"If it is Our Lord," I said to myself, "then surely I must give Him something. If I go home now, so that mother comes and looks out and sees me and tells me how the matter stands, He might be gone in the meantime; and that would be disgraceful and ridiculous. I think it is He beyond a doubt: the one whom the horseman met looked just like that."
I went a few steps back and began to tear at my grey jacket. It was no easy work: the coat fitted so tightly over my coarse linen shirt; and I did not want to be puffing and panting, lest the beggar-man should notice me too soon. I had a yellow-handled pocket-knife, brand-new and just lately sharpened. I took it out of my pocket, put the little coat under my knee and began to divide it down the middle.
It was soon done and I stole up to the beggar-man, who seemed to be half asleep, and put his part of my coat on his head:
"Take this, my needy brother!" I said, silently, in my thoughts.
Then I put my half of the coat under my arm, gazed at Our Lord a little longer and then drove the sheep from the walk.
"He is sure to come in the night," I thought, "and then father and mother will see Him and, if He wishes to stop with us, we can fit up the back room and the little altar for Him."

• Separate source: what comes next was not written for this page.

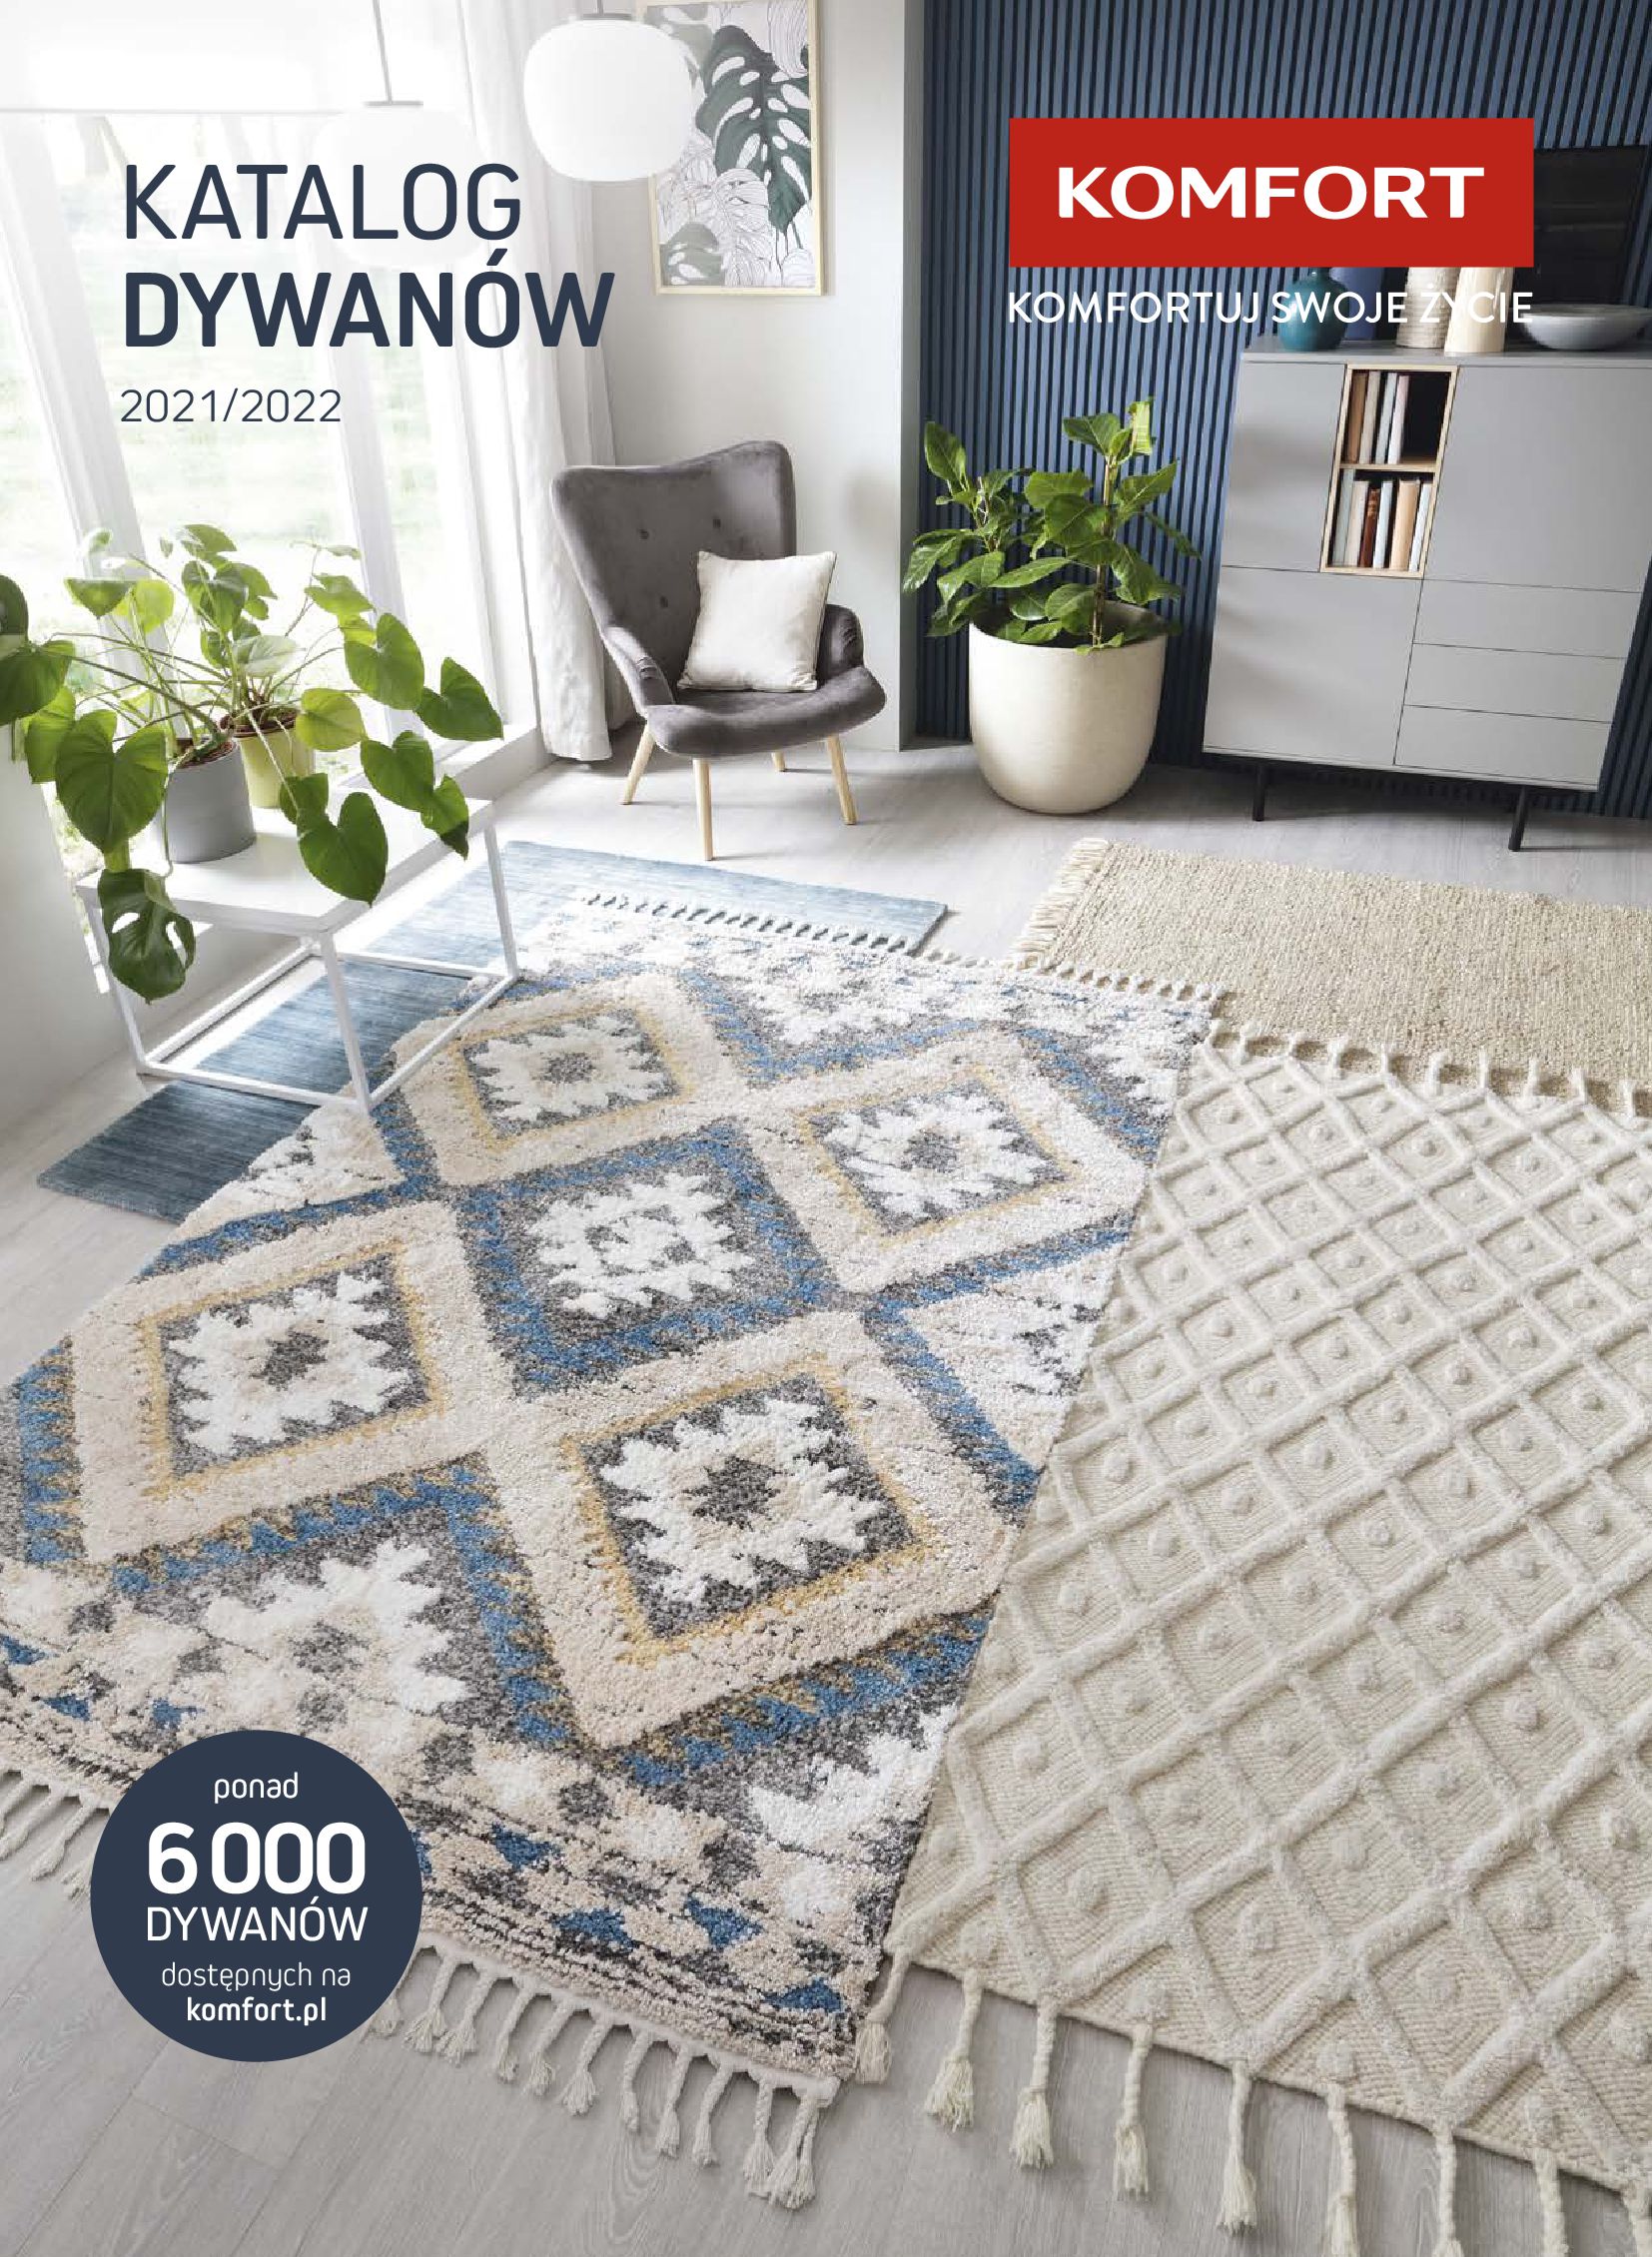 Komfort:  Komfort - Katalog dywanów 09.10.2021

I lay in the cupboard-bedstead, beside father and mother, and I could not sleep. The night passed and He Whom I was expecting did not come.

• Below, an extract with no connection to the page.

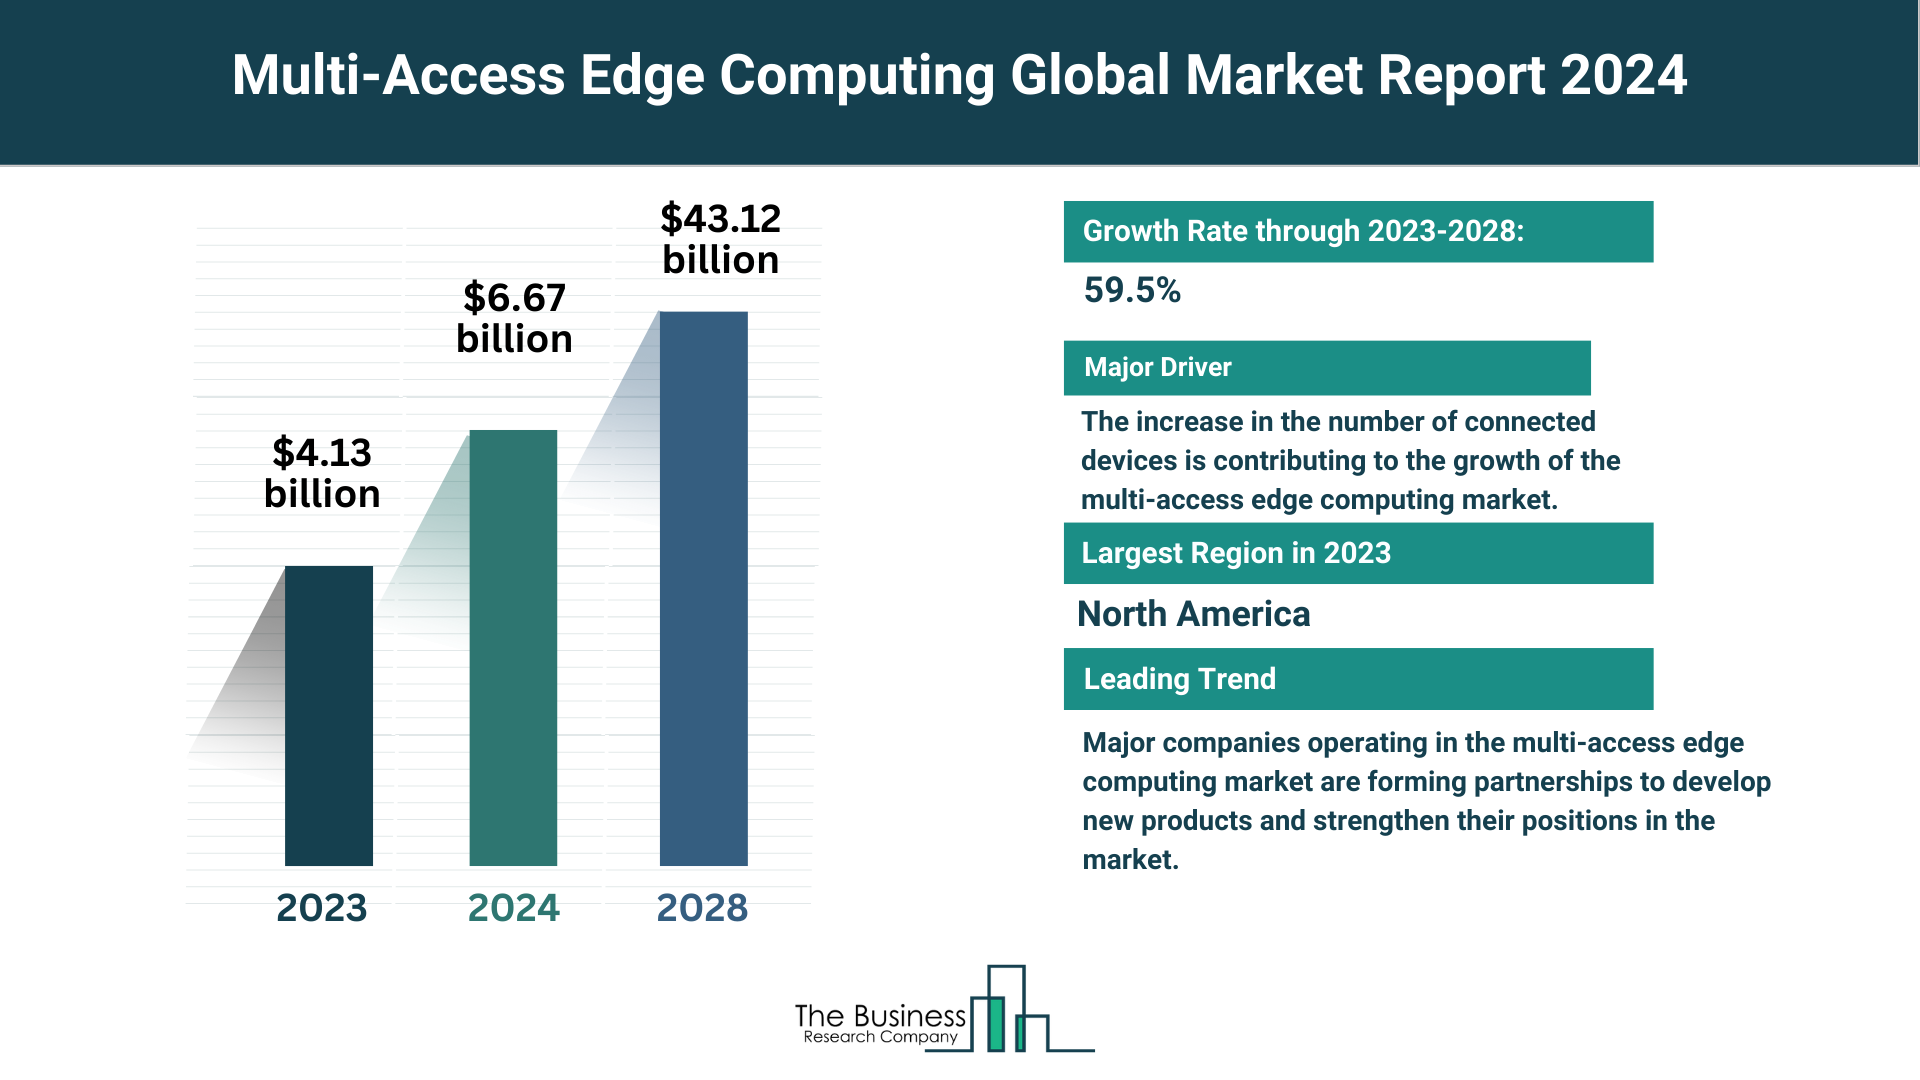 Global Multi-Access Edge Computing Market

But, early in the morning, when the barn-door cock crowed the men and maids out of their beds and when the noisy working-day began in the yard outside, an old man—he was nicknamed Mushroom Moses—came to my father, brought him the piece of my jacket which I had given away and told how I had wantonly cut it the evening before and flung one half at his head as he was taking a rest on the sheep-walk after hunting for mushrooms.
Thereupon my father came up softly to my bed, with one hand hidden behind his back.
"Look here, lad, just you tell me what you've done with your new Sunday jacket!"